■ Exercise: The task for the listing below is to write out exactly the lines starting at the one containing "Modernist vintage nesting" and ending at the one containing "A wonderful set", both included. Pictures are to be omitted.

■ Data provided:
.....

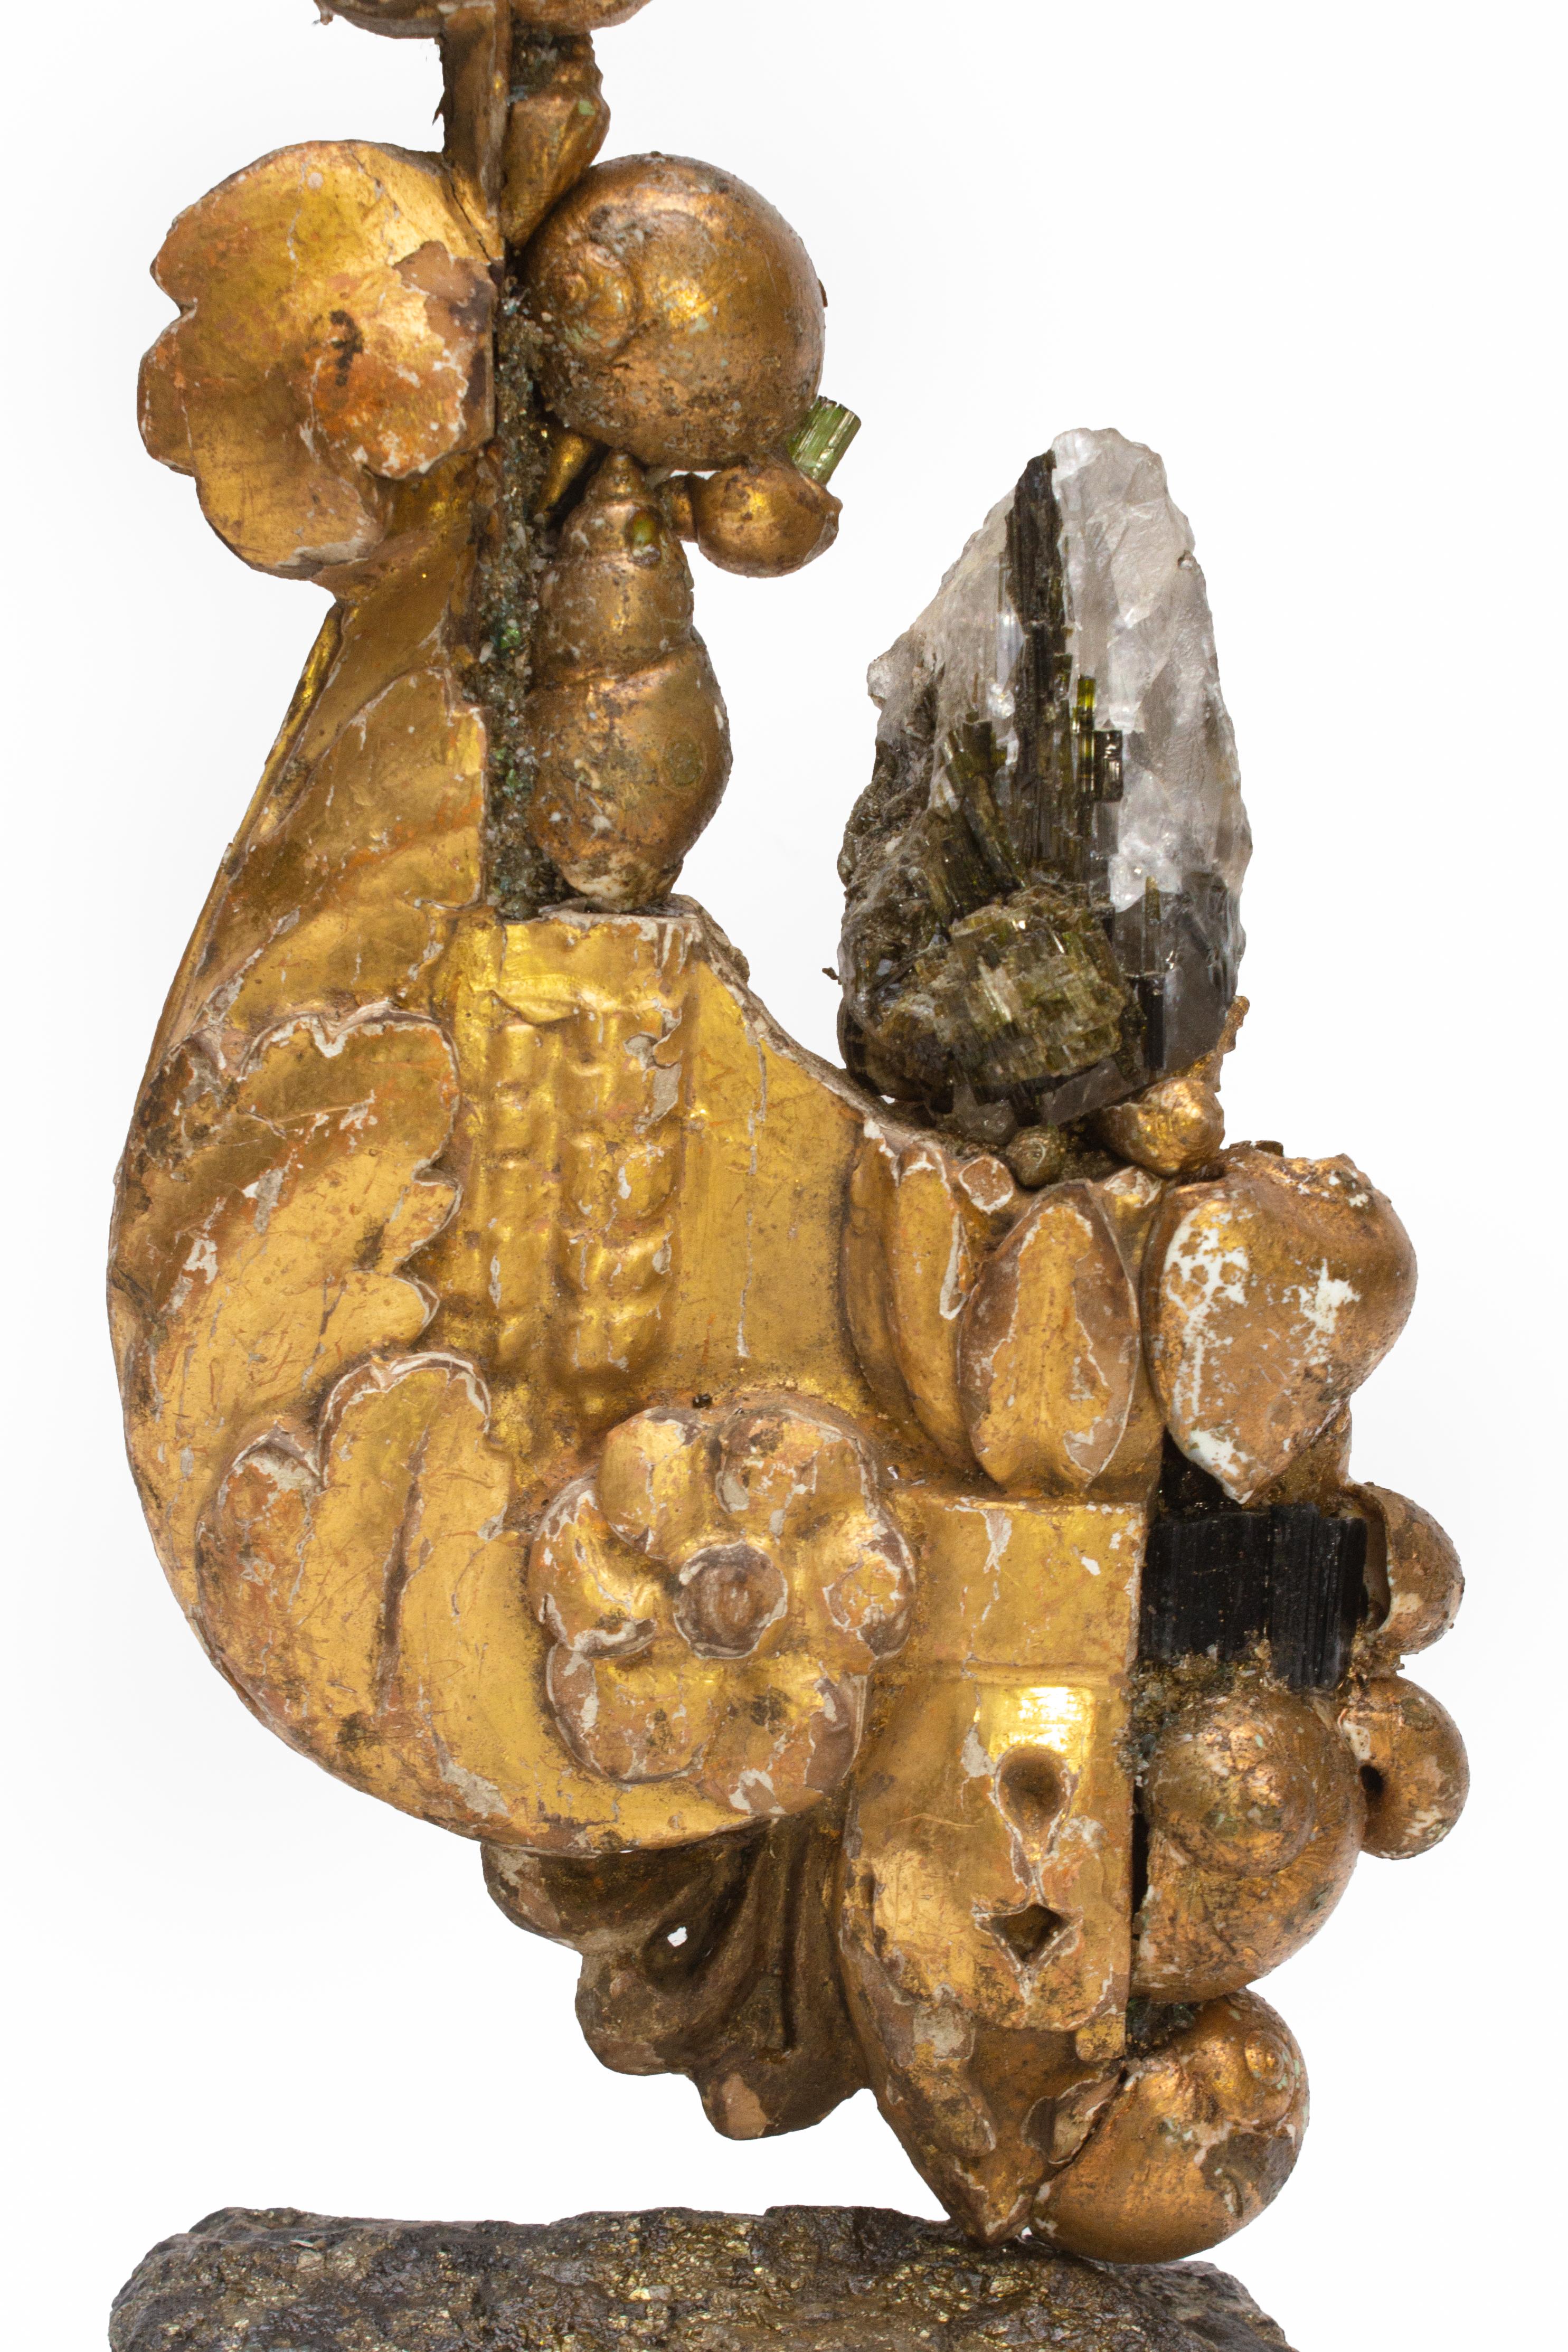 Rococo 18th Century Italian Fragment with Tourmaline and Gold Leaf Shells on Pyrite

.....

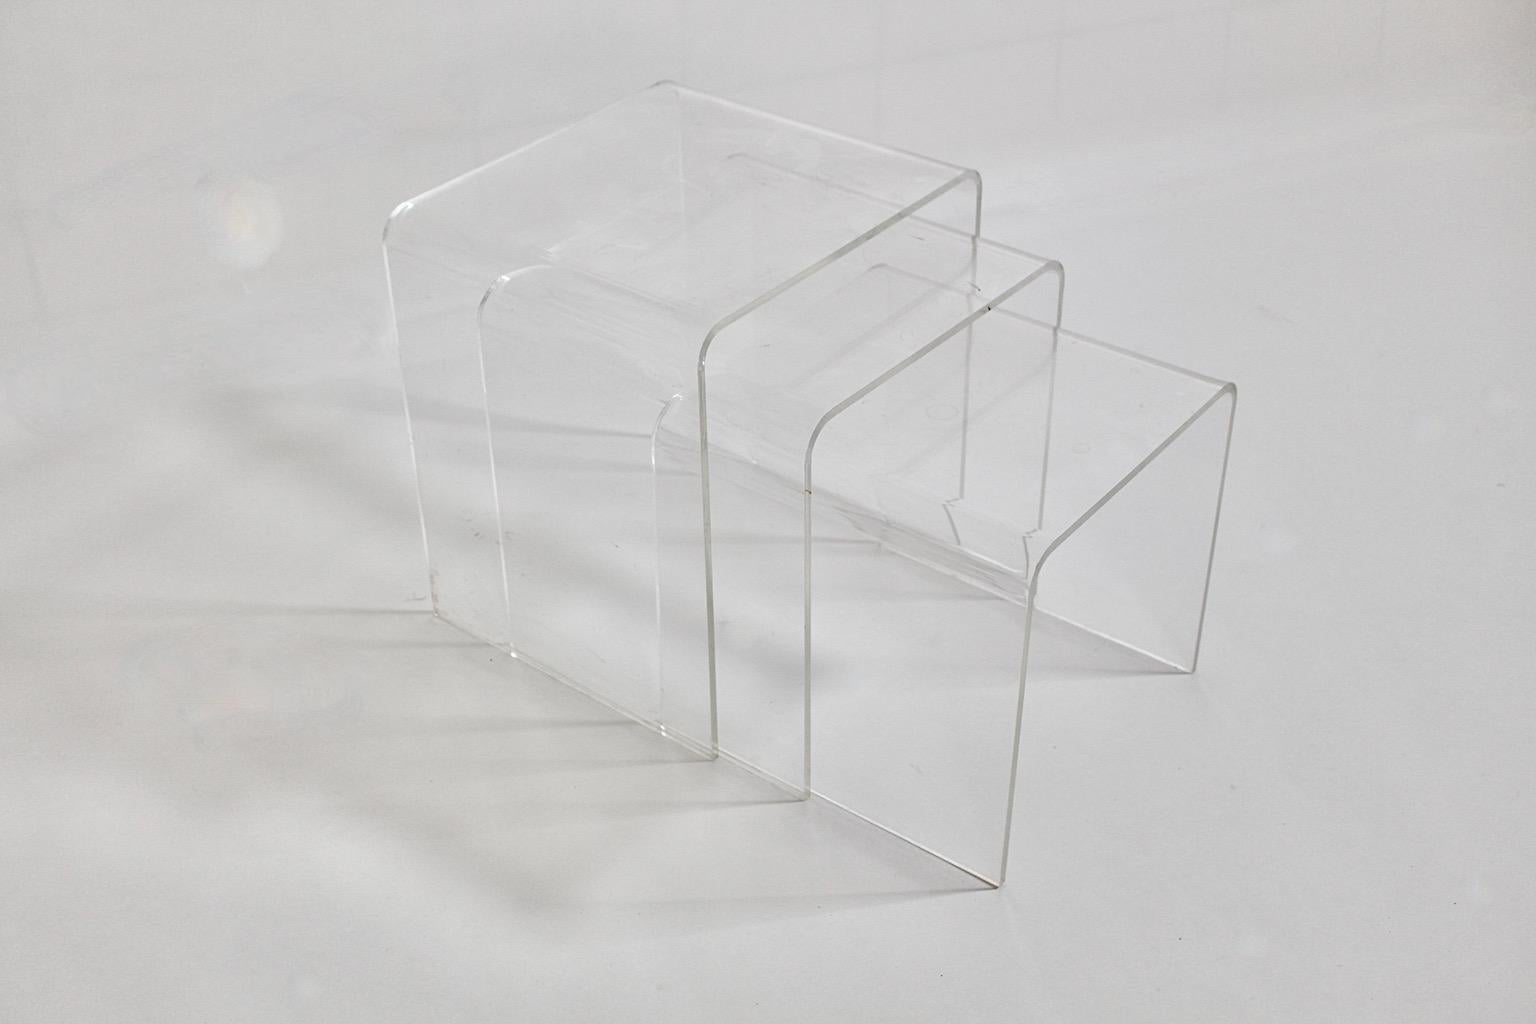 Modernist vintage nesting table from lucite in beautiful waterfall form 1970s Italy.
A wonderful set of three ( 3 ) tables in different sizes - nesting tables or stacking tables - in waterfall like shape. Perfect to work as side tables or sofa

.....

■ Result below:
 Modernist vintage nesting table from lucite in beautiful waterfall form 1970s Italy.
A wonderful set of three ( 3 ) tables in different sizes - nesting tables or stacking tables - in waterfall like shape. Perfect to work as side tables or sofa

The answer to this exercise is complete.